Walt Whitman: Song at Sunset


1.

Splendour of ended day, floating and filling me!

Hour prophetic--hour resuming the past:

Inflating my throat--you, divine Average!

You, Earth and Life, till the last ray gleams, I sing.


2.

Open mouth of my soul, uttering gladness,

Eyes of my soul, seeing perfection,

Natural life of me, faithfully praising things;

Corroborating for ever the triumph of things.


3.

Illustrious every one!

Illustrious what we name space--sphere of unnumbered spirits;

Illustrious the mystery of motion, in all beings, even the tiniest insect;

Illustrious the attribute of speech--the senses--the body;

Illustrious the passing light! Illustrious the pale reflection on the new

moon in the western sky!

Illustrious whatever I see, or hear, or touch, to the last.


Good in all,

In the satisfaction and _aplomb_ of animals,

In the annual return of the seasons,

In the hilarity of youth,

In the strength and flush of manhood,

In the grandeur and exquisiteness of old age,

In the superb vistas of Death.


Wonderful to depart;

Wonderful to be here!

The heart, to jet the all-alike and innocent blood,

To breathe the air, how delicious!

To speak! to walk! to seize something by the hand!

To prepare for sleep, for bed--to look on my rose-coloured flesh,

To be conscious of my body, so happy, so large,

To be this incredible God I am,

To have gone forth among other Gods--those men and women I love.


Wonderful how I celebrate you and myself!

How my thoughts play subtly at the spectacles around!

How the clouds pass silently overhead!


How the earth darts on and on! and how the sun, moon, stars, dart on and

on!

How the water sports and sings! (Surely it is alive!)

How the trees rise and stand up--with strong trunks--with branches and

leaves!

Surely there is something more in each of the trees--some living soul.


O amazement of things! even the least particle!

O spirituality of things!

O strain musical, flowing through ages and continents--now reaching me and

America!

I take your strong chords--I intersperse them, and cheerfully pass them

forward.


I too carol the sun, ushered, or at noon, or, as now, setting,

I too throb to the brain and beauty of the earth, and of all the growths of

the earth,

I too have felt the resistless call of myself.

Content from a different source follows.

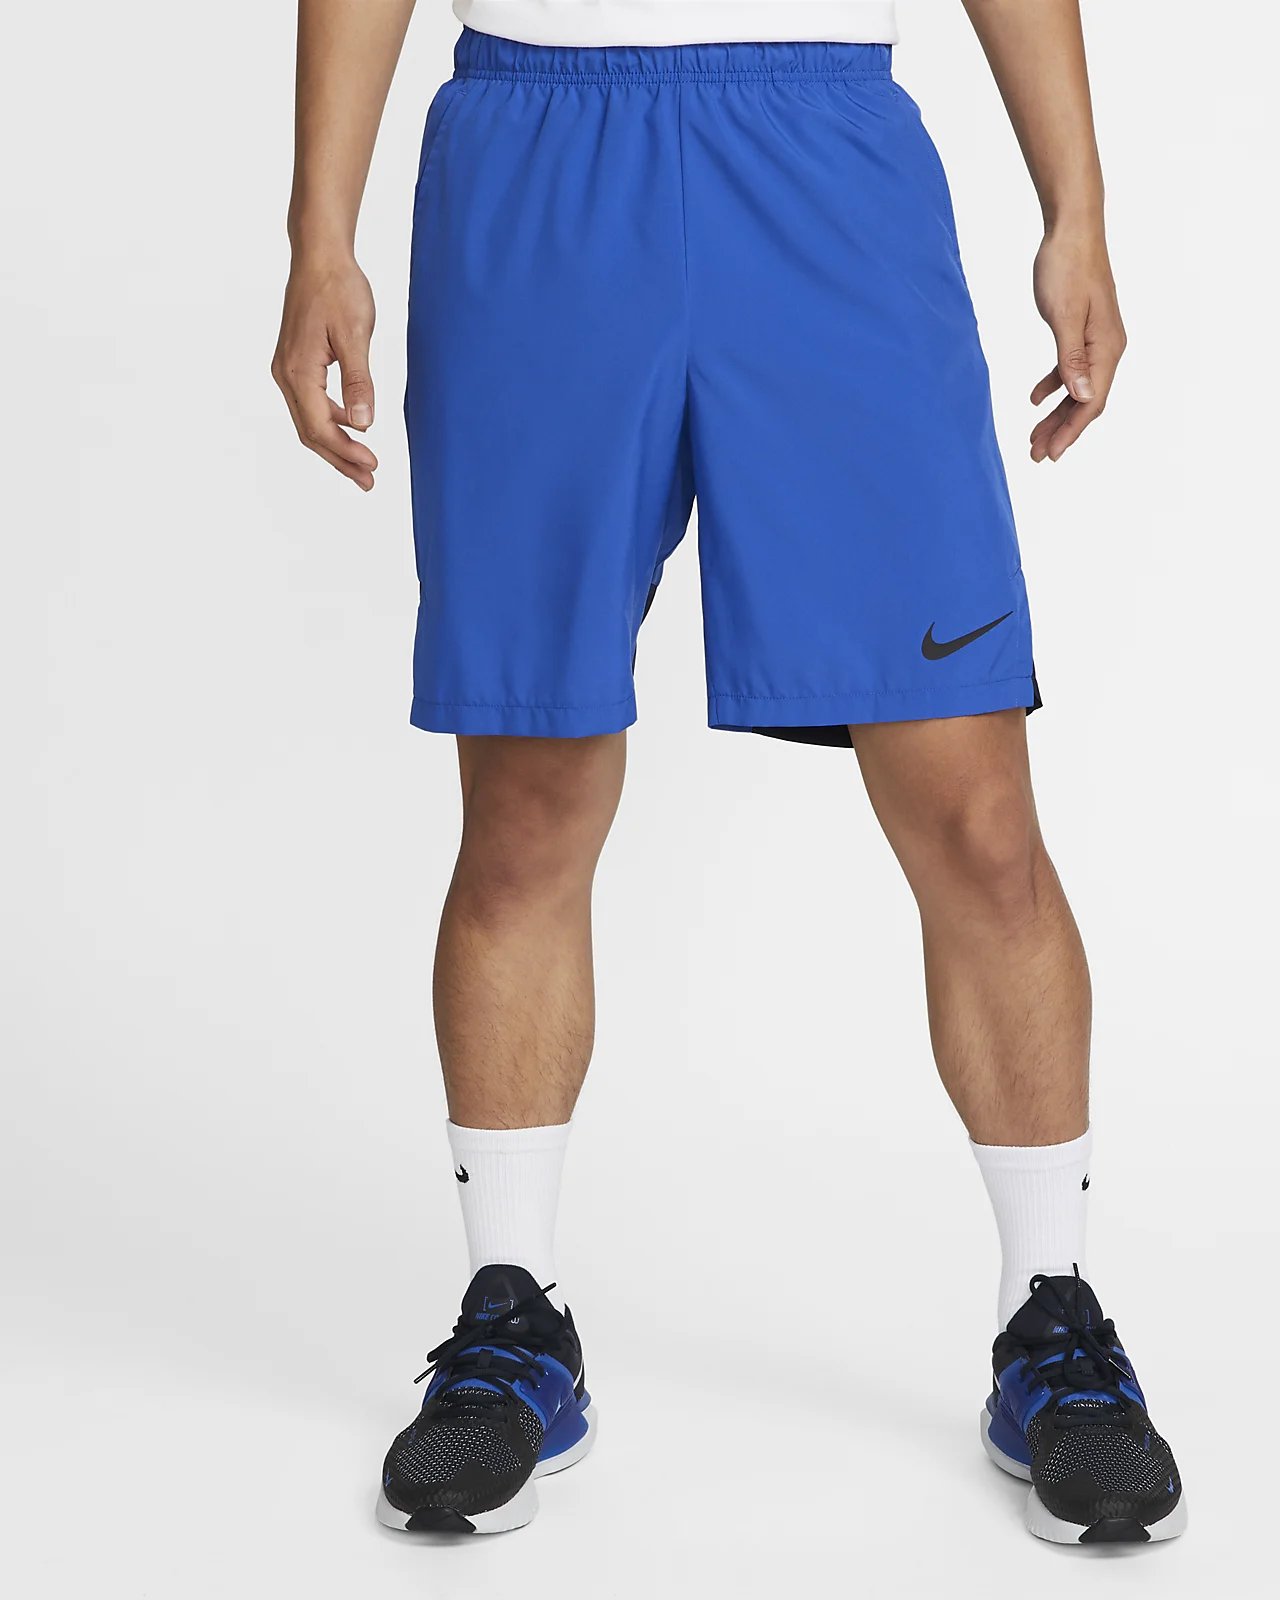 14 Amazing Nike Dri-Fit Shorts For 2023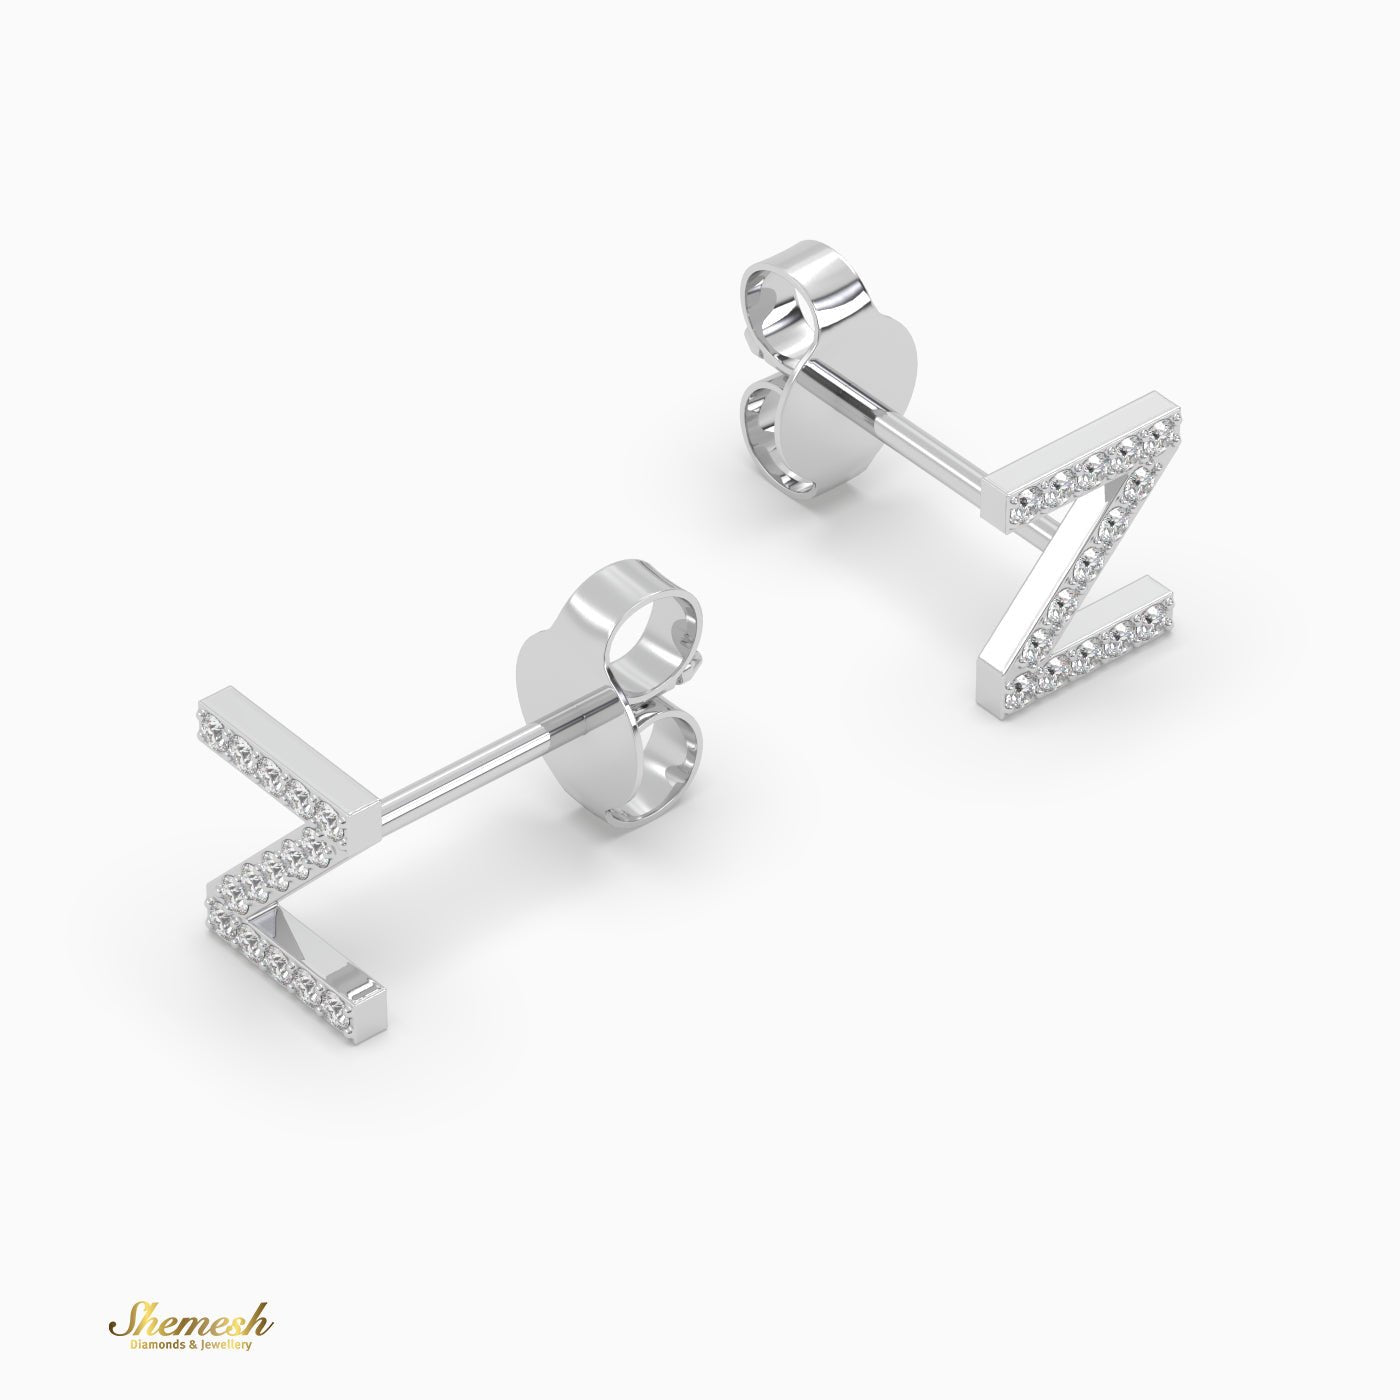 18K Gold "Z" Initial Stud Earrings - shemesh_diamonds

As I sailed down the Mississippi,

As I wandered over the prairies,

As I have lived--As I have looked through my windows, my eyes,

As I went forth in the morning--As I beheld the light breaking in the east;

As I bathed on the beach of the Eastern Sea, and again on the beach of the

Western Sea;

As I roamed the streets of inland Chicago-whatever streets I have roamed;

Wherever I have been, I have charged myself with contentment and triumph.


I sing the Equalities;

I sing the endless finales of things;

I say Nature continues--Glory continues;

I praise with electric voice:

For I do not see one imperfection in the universe;

And I do not see one cause or result lamentable at last in the universe.


O setting sun! though the time has come,

I still warble under you unmitigated adoration.